Thursday, July 30, 2009
El-Erian, When Markets Collide
Mohamed El-Erian’s When Markets Collide: Investment Strategies for the Age of Global Economic Change (McGraw-Hill, 2008) achieved best seller status and won prestigious awards despite mixed reader reaction. I’m not going to weigh in on the merits of the book because, if I did, it would be “on the one hand, on the other hand, on the third hand” dithering best reserved for economists. Rather, I’m going to take a different tack, focusing on one point that caught my attention when I first read the book. El-Erian’s prose may be turgid, but I think he highlights a potentially fertile area for increased investment returns.
Rather than diversifying simply by using asset classes—a method that has seen some deterioration in results of late, he suggests starting with “the risk factors that give rise to investment returns over time.” He continues: “The ideal situation is to come up with a small set (three to five) of distinct (and ideally orthogonal) risk factors that command a risk premium. The next step is to assess the stability of the factors and how they can be best captured through the use of tradable instruments.” (p. 233)
I’m certainly no match for the experts at Harvard Management Company or PIMCO, and even they have found it hard to execute this game plan. But they set a high bar for themselves because they want their solutions to be quantifiable and optimizable (and we all know that they demand much more mathematical and statistical rigor than standard backtesting programs provide). I assume they want to build on the work of such academics as Fama and French—for instance, their 1992 paper “Common Risk Factors in the Returns on Stocks and Bonds,” which is not exactly bedtime reading.

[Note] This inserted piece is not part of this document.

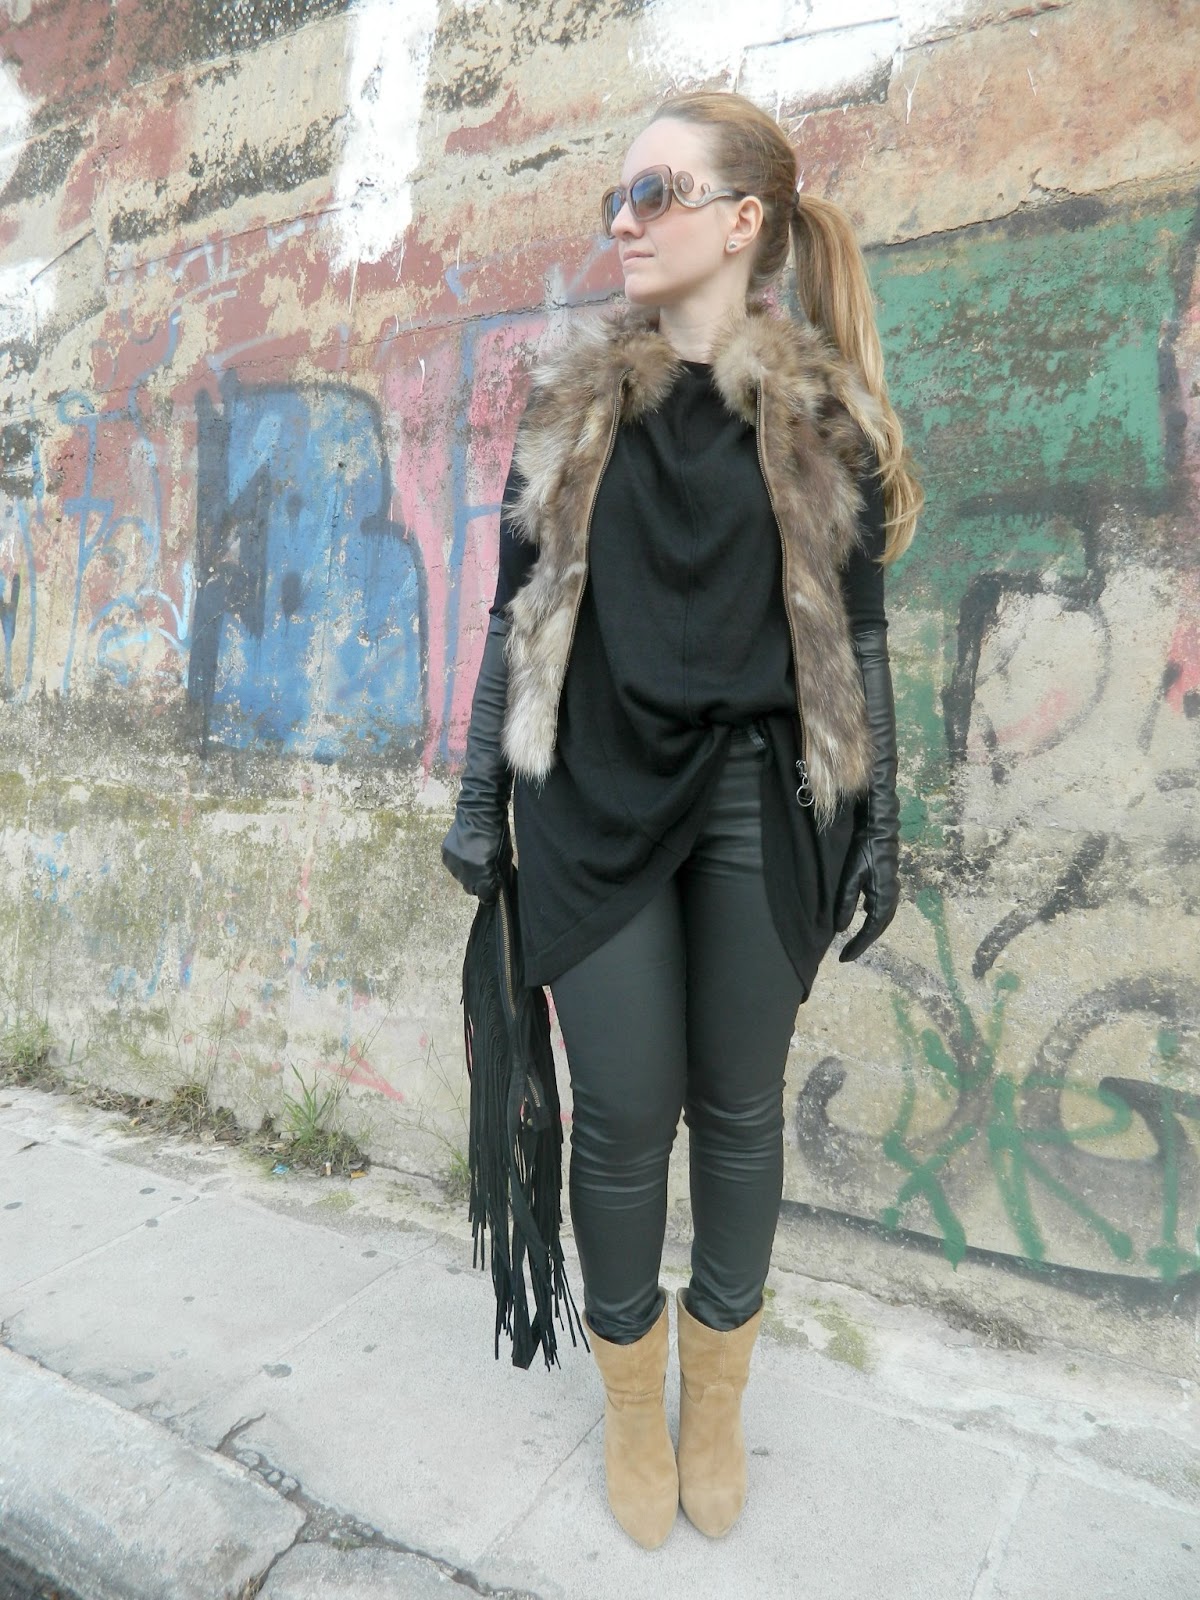 Long Leather Gloves - barefoot duchess - a personal style blog
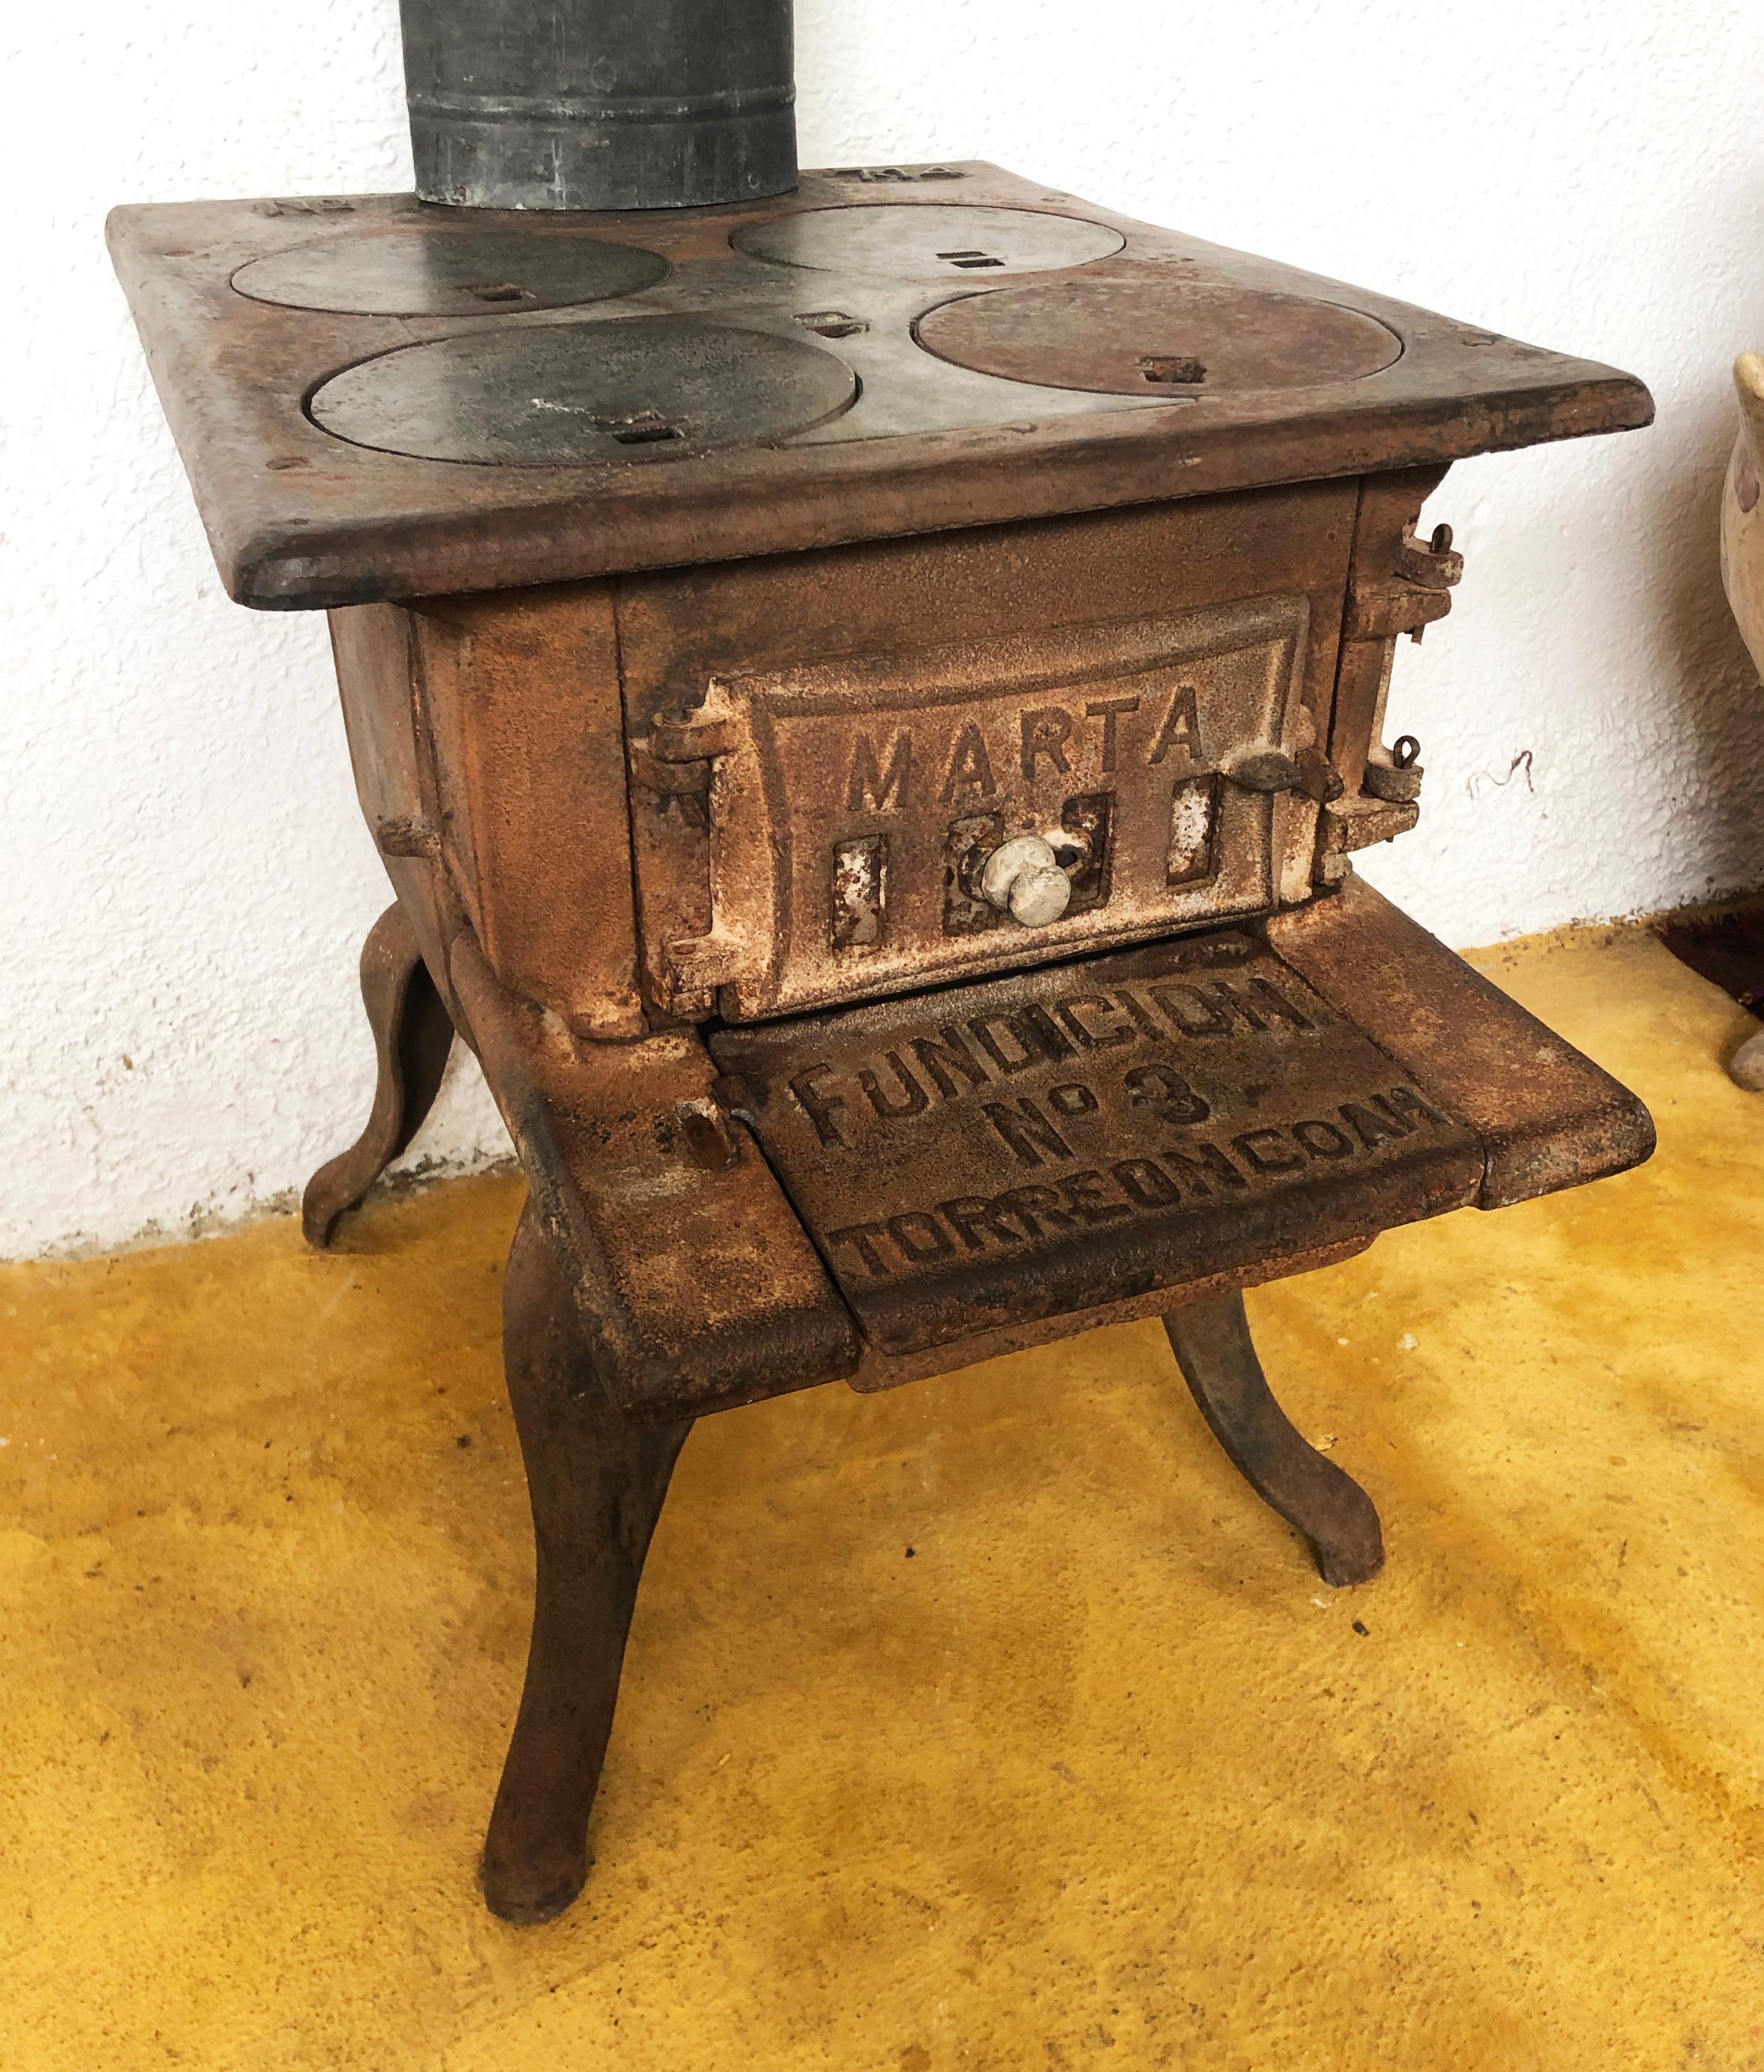 One of the most unique pieces we have found in the last few years is this cast iron French stove with trap doors in many parts of this piece. What a sensational end table this would make next to a chair. The top is flat and the conversations would

So let’s try to dumb down the idea a bit. Where can the independent trader or investor earn risk premia? Some argue that using two systems, one trend following and the other mean reverting, is an answer, but I’m not convinced that this is the brightest idea. The trader earns risk premia on the one hand and loses it on the other. Think back to Einhorn’s argument against pairs trading; though not exactly analogous, the general point carries over. So let’s move on. One fairly sophisticated possibility is to look at the signal-to-noise ratio of an instrument. (Refer back to my review of Drobny’s Inside the House of Money for a little more insight into this trading hypothesis.) Another possibility is to exploit volatility risk; there are many strategies appropriate here, for the most part involving the use of options. Overnight risk is another area worthy of exploration, possibly as part of a multi-timeframe trading program. The list is bounded only by one’s imagination.
Whatever the hypothesis, the trader or investor must backtest it to determine whether, if we believe that history repeats itself or at least rhymes, it has any merit and, if so, on what markets it’s most successful. A strategy that works on currencies, for example, may provide no edge when applied to stock indices. And, of course, it always bears repeating that it is nothing short of suicidal to take on risk that’s too large for the size of the portfolio.
Ideally, the trader or investor will end up with three to five distinct, uncorrelated strategies that, when combined, will outperform any single strategy as well as any appropriate benchmarks. Some money managers claim to do this, but I’m certainly not touting their wares. I’m a Connecticut Yankee, a do-it-yourselfer by inclination. What I’m suggesting is that experienced traders or investors seek to develop a few trading strategies that fall well within their psychological comfort zone and their risk profile and that, when pursued simultaneously, have the potential to outperform the standard benchmarks and the more finely tuned benchmarks. A little outperformance here, a little outperformance there, it all adds up.